Hiding something. Lying, Chief.”
“Did you get him to cough up information based on evidence you didn’t have?”
“I got him to tell me the truth about one fucking thing, yes.” Harkman was such a bastard.
Whittaker pressed his hands together and when he spoke he used a placating, deliberate, through-the-teeth tone one uses with wayward children. “Spencer, I have been so good to you. I never second guess you, I let you do what you want, I watch your back, I stick up for you, sometimes I cover for you. You’ve been worth it. But I’m afraid I have to put my foot down on this one. Do you know who Bill Bryant is?”
“No.”
“He is a retired New York City councilman, turned businessman, philanthropist, charitable contributor to historical landmarks in New York City, and a very generous contributor to the NYPD. Most of the new Kevlar vests we have, including yours, we have because of his generosity.”
“Bully for him.
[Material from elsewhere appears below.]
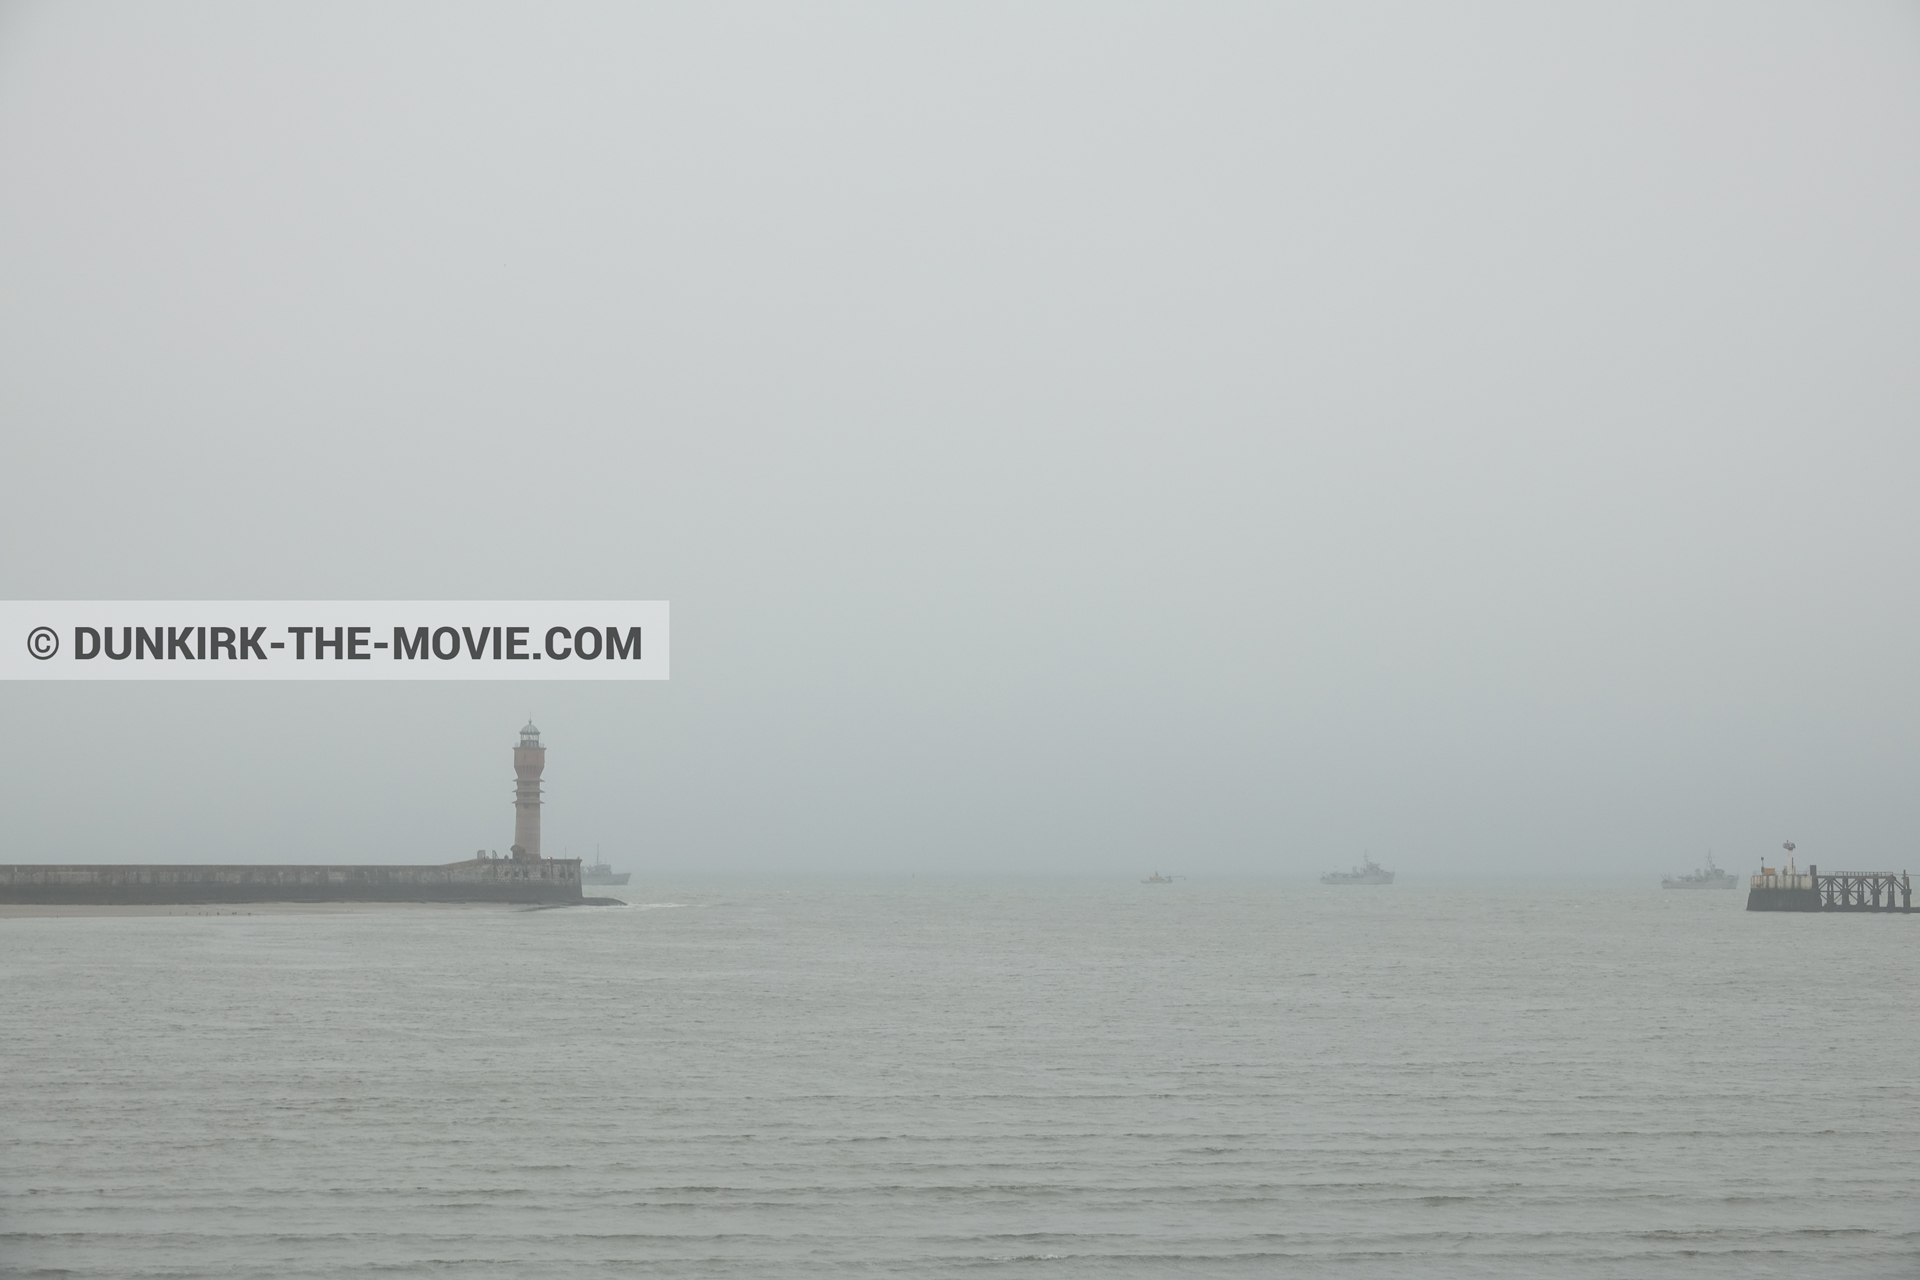 Fotos con cielo gris, mares calma, faro de Saint-Pol-sur-Mer,  durante el rodaje de la película Dunkerque de Nolan

What does he have to do with anything?”
“He has an office in the Carnegie Hall Tower. On
57th
Street.”
“All right…” Spencer drew out.
“Bryant called his good friend the police commissioner late last night—the police commissioner!—and said that Andrew Quinn came to see him on the afternoon of May 14, around one or two p.m. They spent two or three hours together, went out for a drink at the 57/57 bar, and then Quinn went to Penn Station to catch a train home. Our councilman, who’s been in public life for fifty years and is a revered member of the community, is willing to swear an oath to this. This morning he sent us the original copy of his private planner, where Andrew Quinn’s name in Bryant’s own handwriting is penciled in from the hours of one to four in the afternoon.”
“Really?”
“Really.”
“Why didn’t Quinn remember this yesterday when I spoke to him?”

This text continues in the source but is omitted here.